| THE TASK |
Every picture should be left out, but the lines below must be repeated exactly.

| DATA EXTRACT |
§

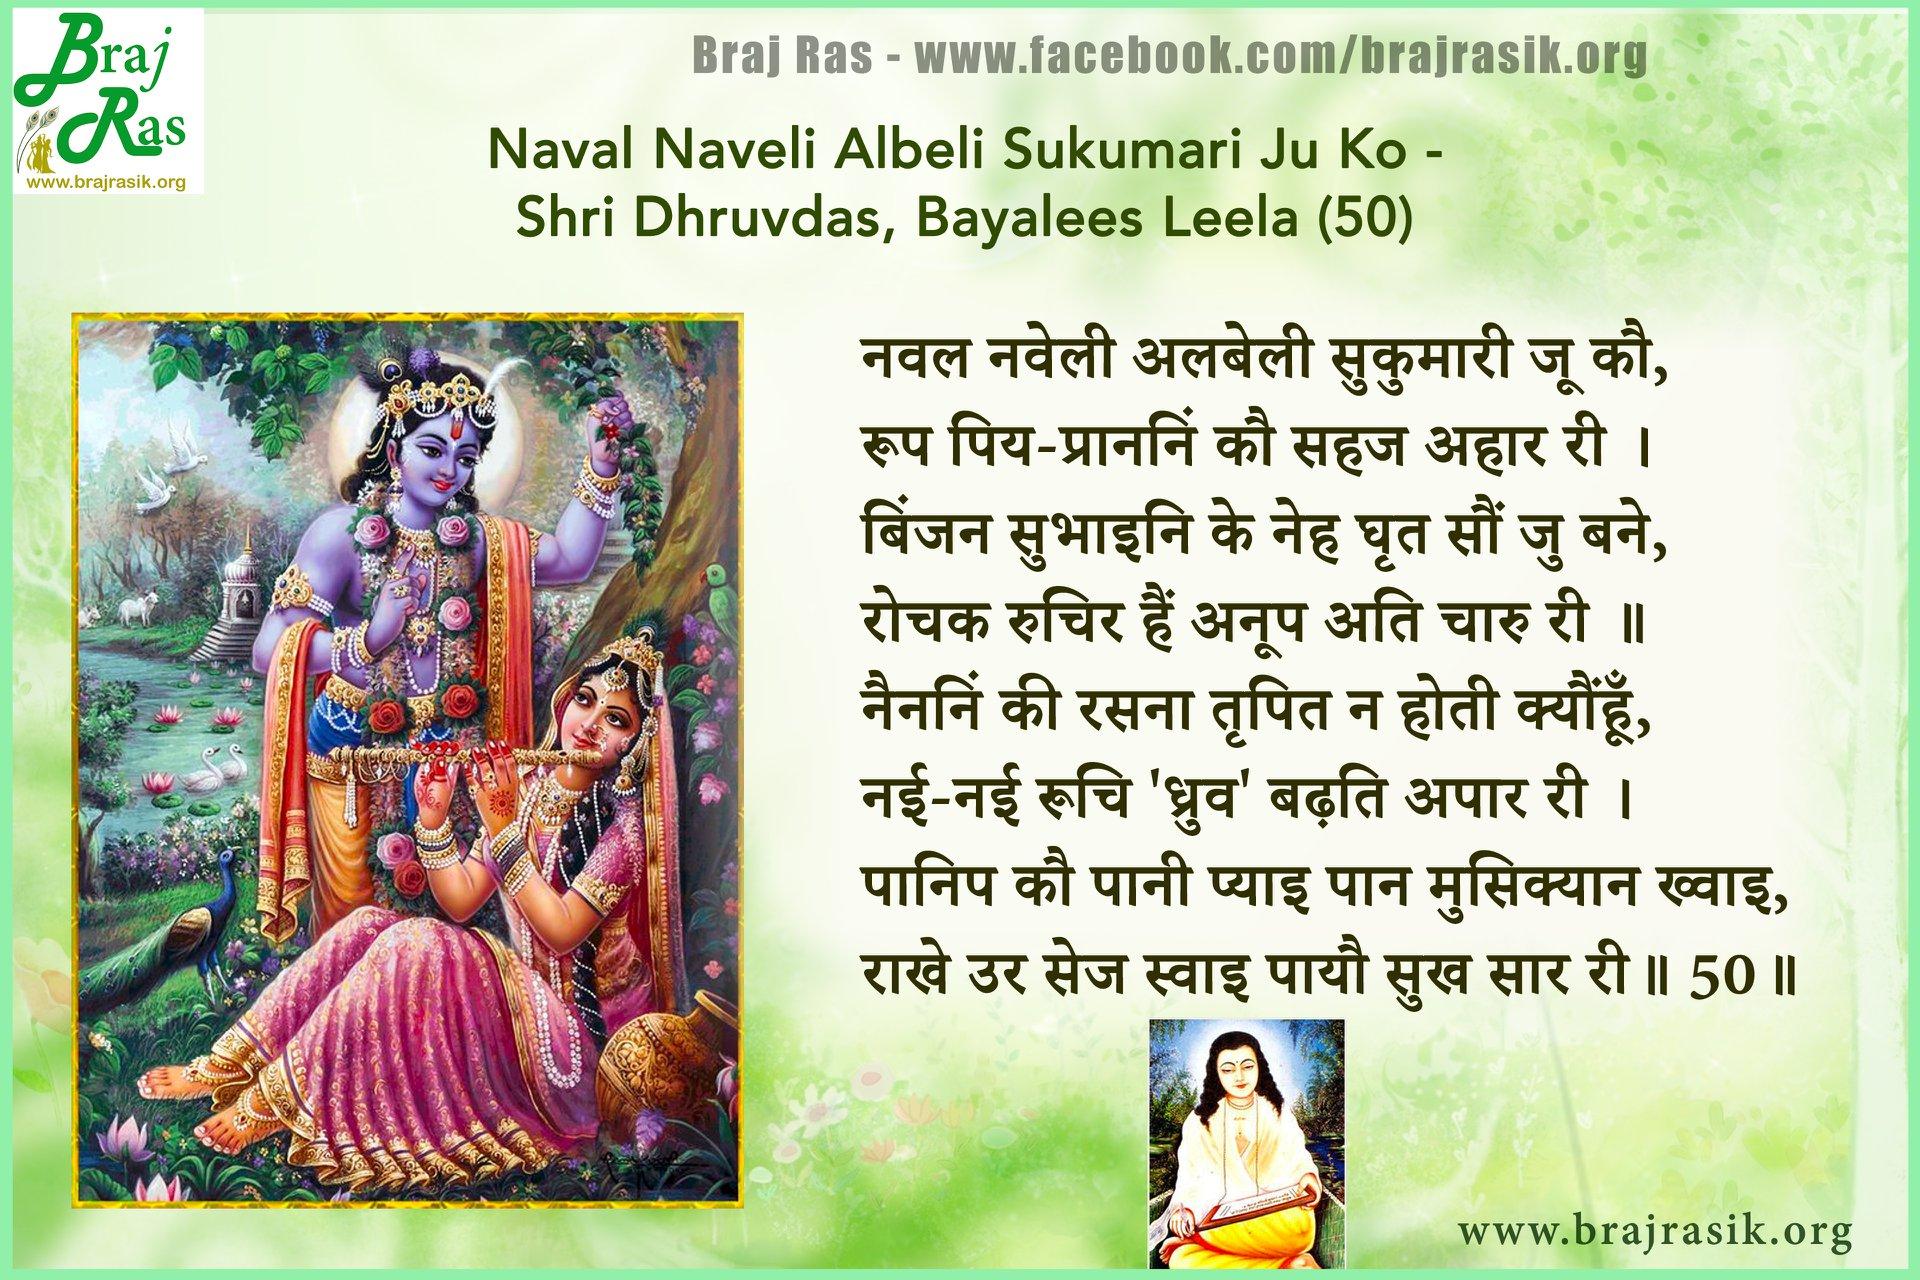 Naval Naveli Albeli Sukumari Ju Ko from Bayalees Leela (50) by Shri Dhruvdas
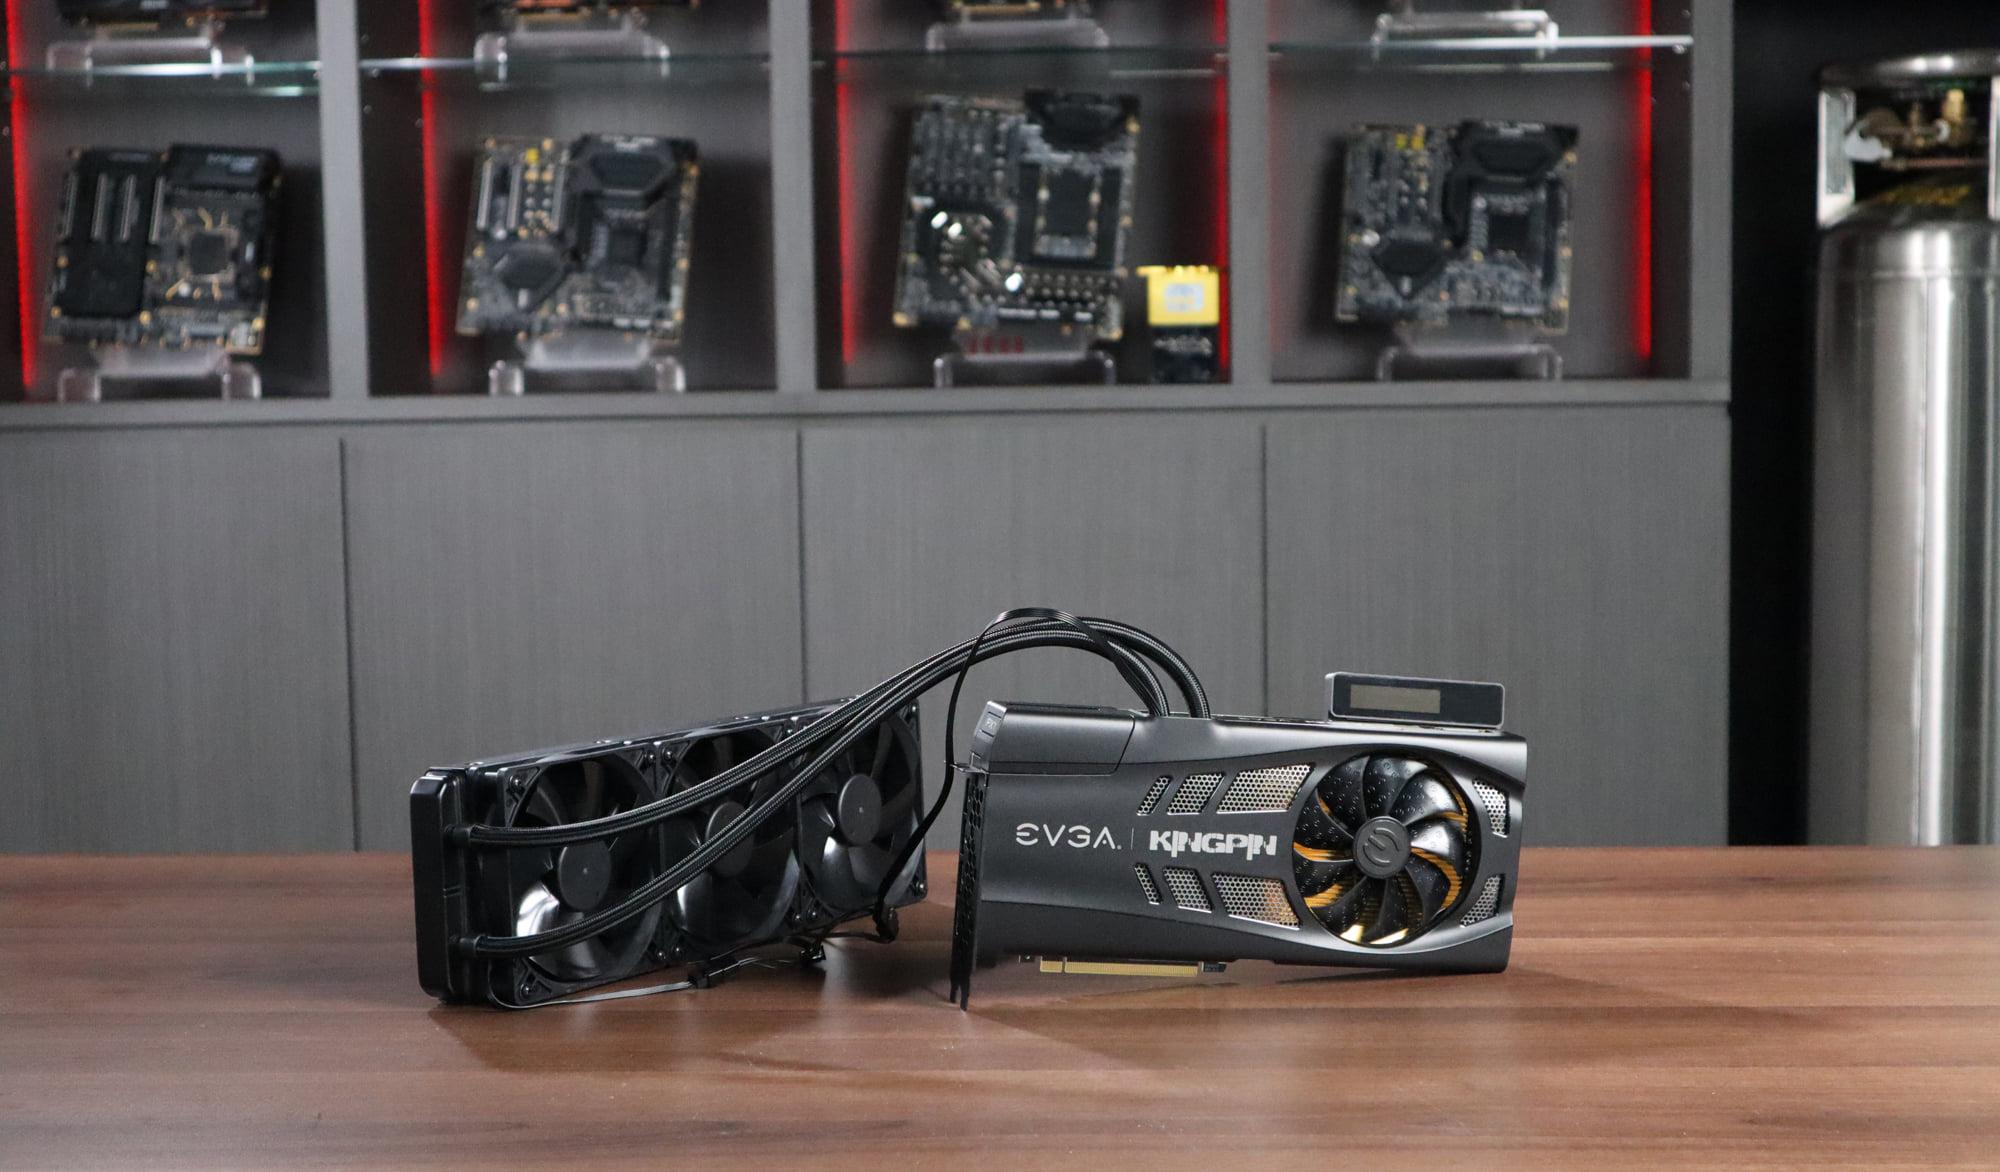 EVGA GeForce RTX 3090 KINGPIN Hybrid Graphics Card Pictured, Menampilkan 360mm AIO Liquid Cooler
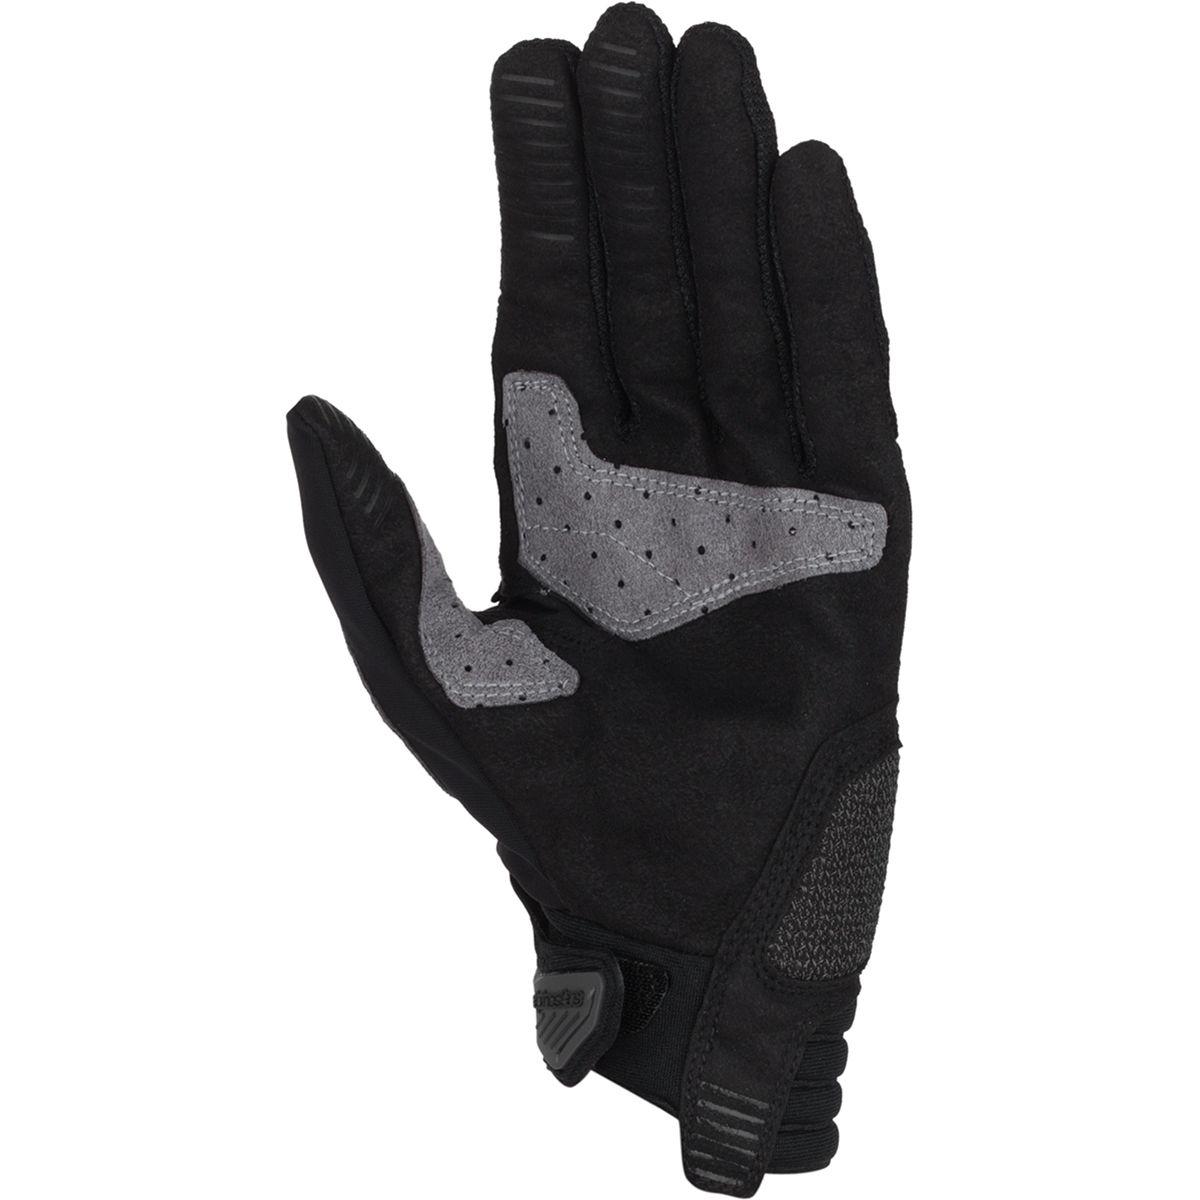 Alpinestars-Drop-Pro-Glove-Men-039-s miniature 26
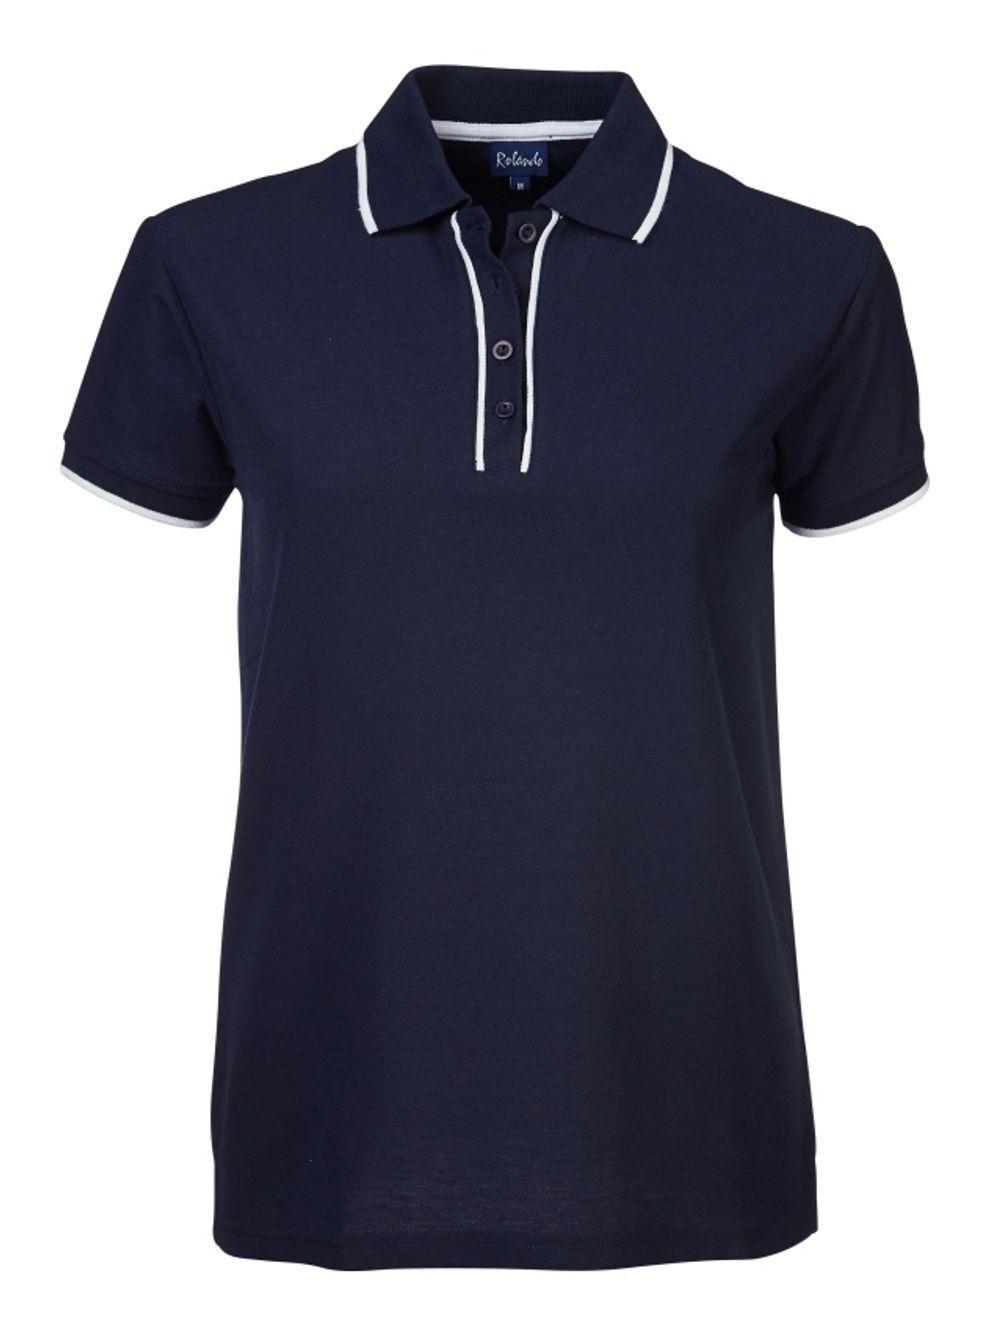 Ladies Arabella Golfer - Navy/white

§

| WRITTEN SOLUTION |
 Naval Naveli Albeli Sukumari Ju Ko from Bayalees Leela (50) by Shri Dhruvdas
 EVGA GeForce RTX 3090 KINGPIN Hybrid Graphics Card Pictured, Menampilkan 360mm AIO Liquid Cooler
 Alpinestars-Drop-Pro-Glove-Men-039-s miniature 26
 Ladies Arabella Golfer - Navy/white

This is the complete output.